From: Jason Gunthorpe <jgg@nvidia.com>
To: Alex Williamson <alex.williamson@redhat.com>
Cc: Leon Romanovsky <leon@kernel.org>,
Doug Ledford <dledford@redhat.com>,
Yishai Hadas <yishaih@nvidia.com>,
Bjorn Helgaas <bhelgaas@google.com>,
"David S. Miller" <davem@davemloft.net>,
Jakub Kicinski <kuba@kernel.org>,
Kirti Wankhede <kwankhede@nvidia.com>,
kvm@vger.kernel.org, linux-kernel@vger.kernel.org,
linux-pci@vger.kernel.org, linux-rdma@vger.kernel.org,
netdev@vger.kernel.org, Saeed Mahameed <saeedm@nvidia.com>,
Cornelia Huck <cohuck@redhat.com>
Subject: Re: [PATCH mlx5-next 2/7] vfio: Add an API to check migration state transition validity
Date: Wed, 29 Sep 2021 15:26:42 -0300 [thread overview]
Message-ID: <20210929182642.GV964074@nvidia.com> (raw)

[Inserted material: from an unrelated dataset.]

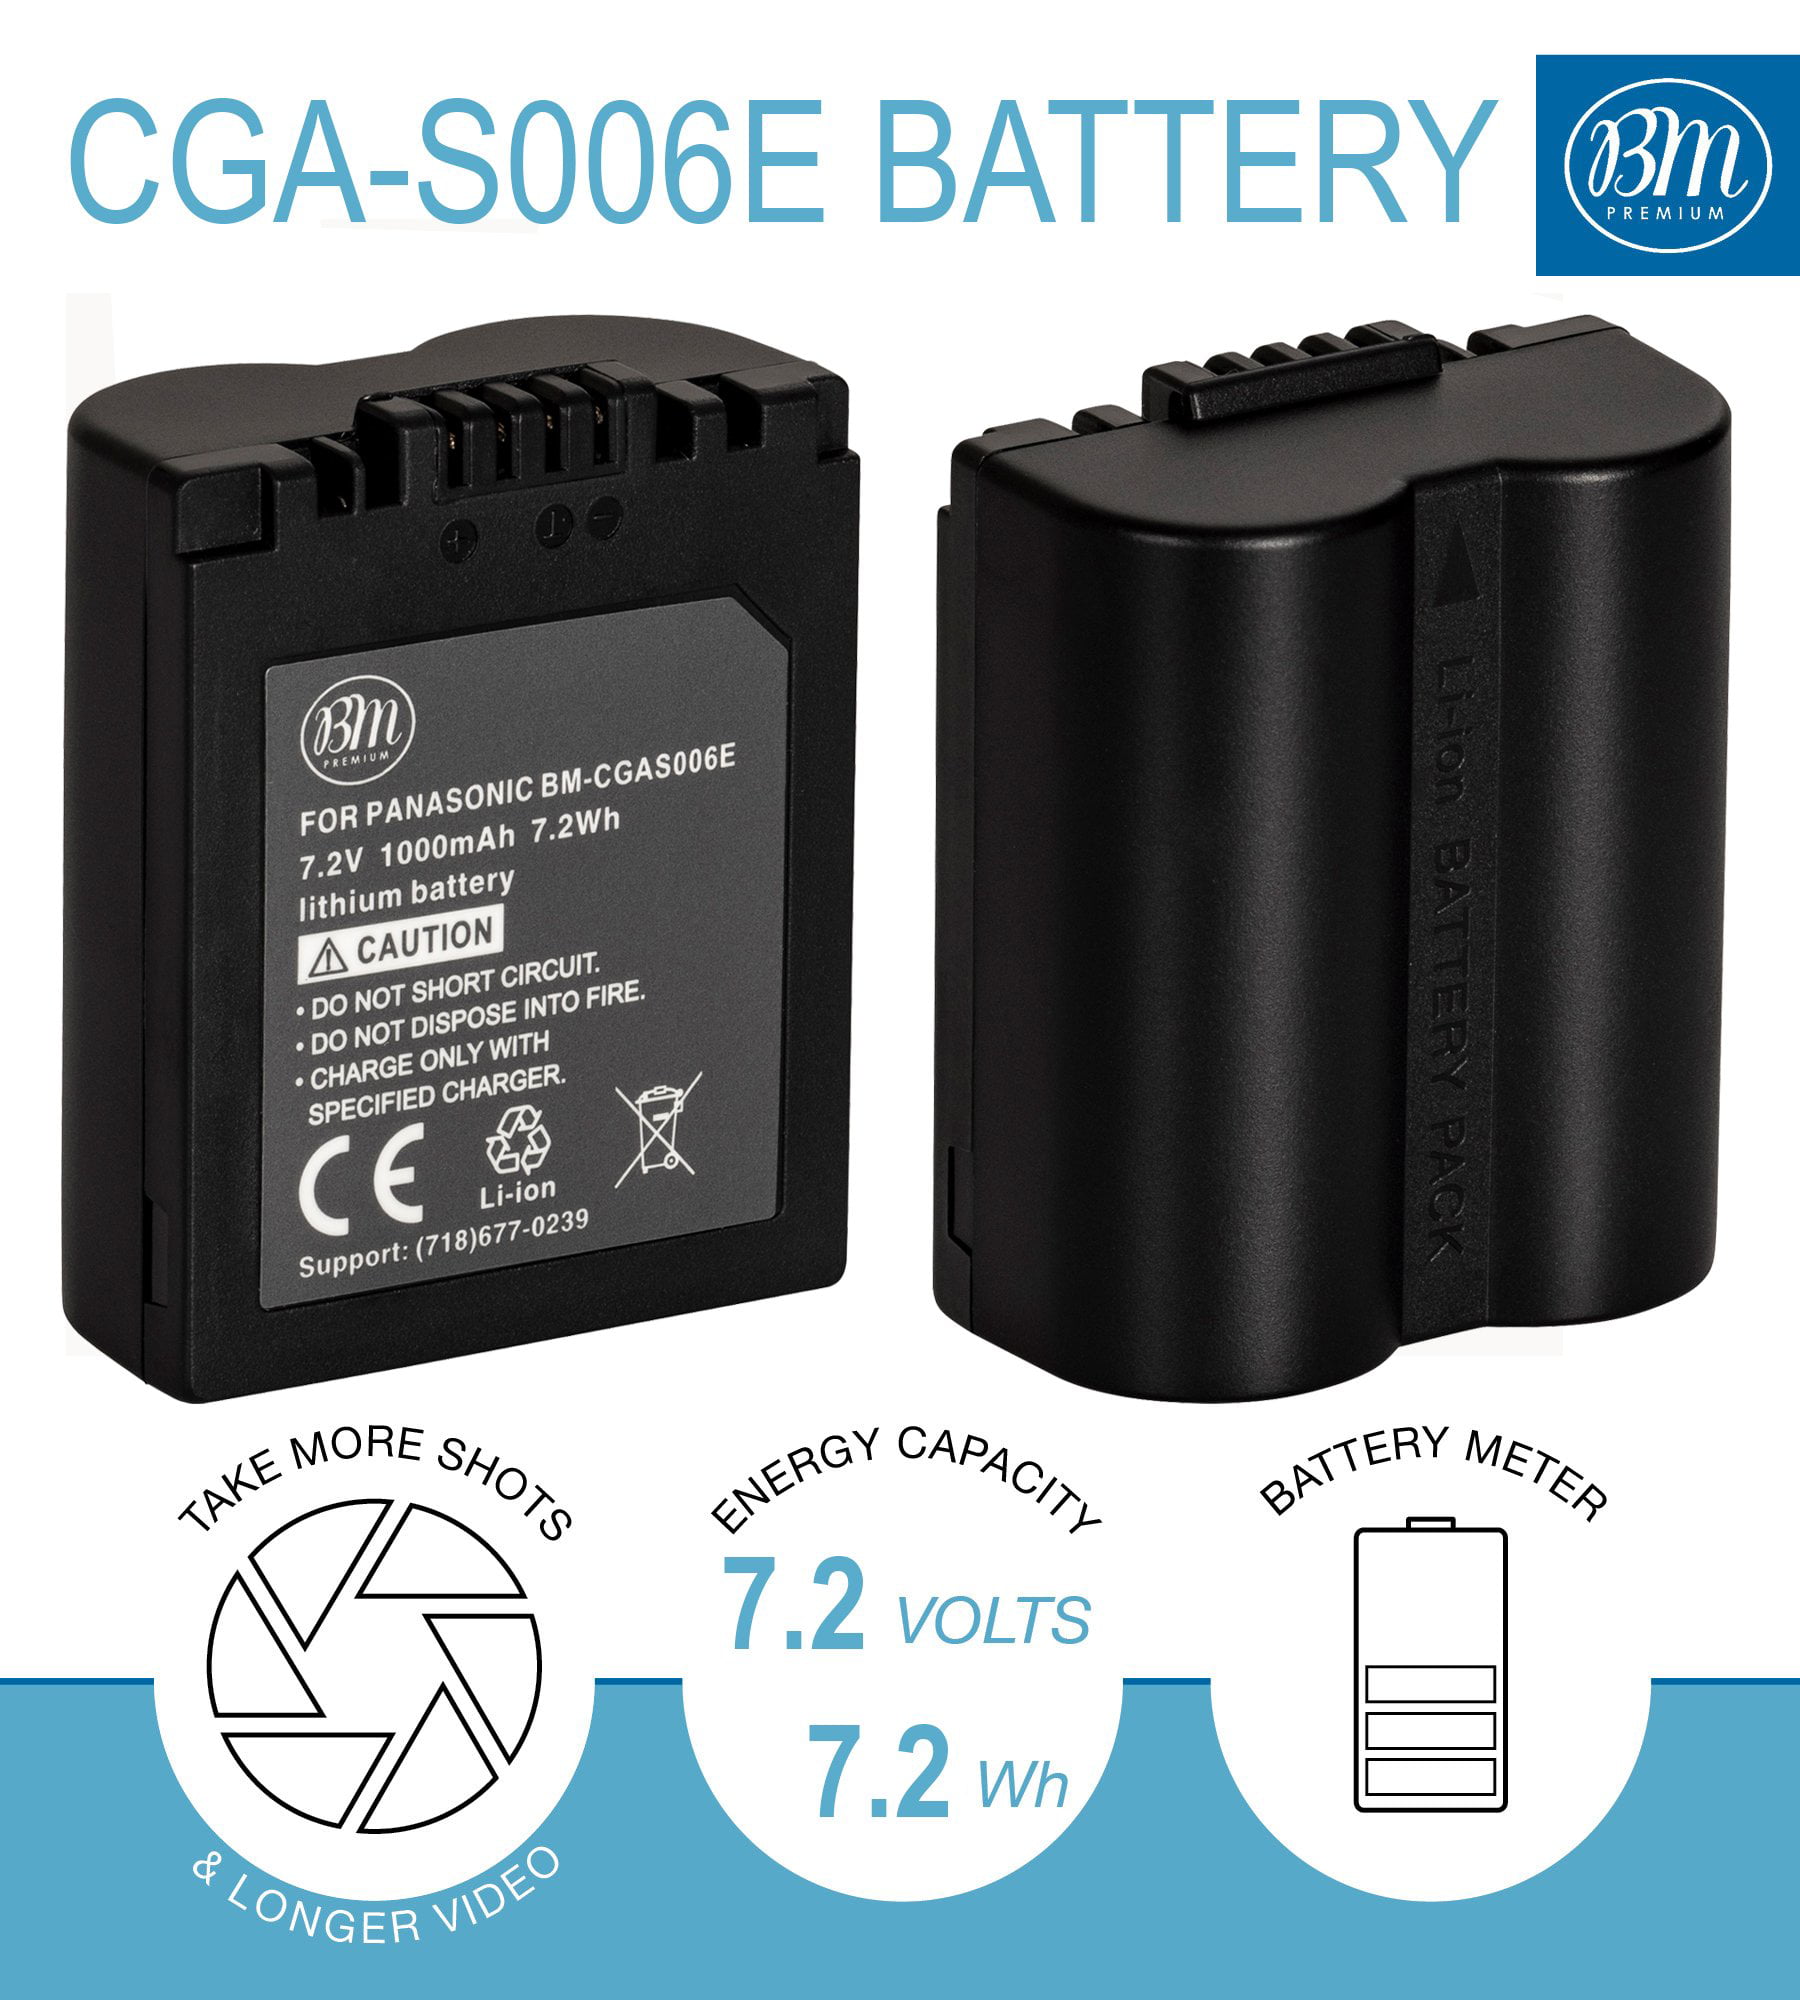 CGR-S006A Battery for Panasonic Lumix DMC-FZ18 FZ28 FZ8

In-Reply-To: <20210929120655.28e0b3a6.alex.williamson@redhat.com>
On Wed, Sep 29, 2021 at 12:06:55PM -0600, Alex Williamson wrote:
> On Wed, 29 Sep 2021 13:16:02 -0300
> Jason Gunthorpe <jgg@nvidia.com> wrote:
>
> > On Tue, Sep 28, 2021 at 02:18:44PM -0600, Alex Williamson wrote:
> > > On Tue, 28 Sep 2021 16:35:50 -0300
> > > Jason Gunthorpe <jgg@ziepe.ca> wrote:
> > >
> > > > On Tue, Sep 28, 2021 at 01:19:58PM -0600, Alex Williamson wrote:
> > > >
> > > > > In defining the device state, we tried to steer away from defining it
> > > > > in terms of the QEMU migration API, but rather as a set of controls
> > > > > that could be used to support that API to leave us some degree of
> > > > > independence that QEMU implementation might evolve.
> > > >
> > > > That is certainly a different perspective, it would have been
> > > > better to not express this idea as a FSM in that case...
> > > >
> > > > So each state in mlx5vf_pci_set_device_state() should call the correct
> > > > combination of (un)freeze, (un)quiesce and so on so each state
> > > > reflects a defined operation of the device?
> > >
> > > I'd expect so, for instance the implementation of entering the _STOP
> > > state presumes a previous state that where the device is apparently
> > > already quiesced. That doesn't support a direct _RUNNING -> _STOP
> > > transition where I argued in the linked threads that those states
> > > should be reachable from any other state. Thanks,
> >
> > If we focus on mlx5 there are two device 'flags' to manage:
> > - Device cannot issue DMAs
> > - Device internal state cannot change (ie cannot receive DMAs)
> >
> > This is necessary to co-ordinate across multiple devices that might be
> > doing peer to peer DMA between them. The whole multi-device complex
> > should be moved to "cannot issue DMA's" then the whole complex would
> > go to "state cannot change" and be serialized.
>
> Are you anticipating p2p from outside the VM? The typical scenario
> here would be that p2p occurs only intra-VM, so all the devices would
> stop issuing DMA (modulo trying to quiesce devices simultaneously).
Inside the VM.
Your 'modulo trying to quiesce devices simultaneously' is correct -
this is a real issue that needs to be solved.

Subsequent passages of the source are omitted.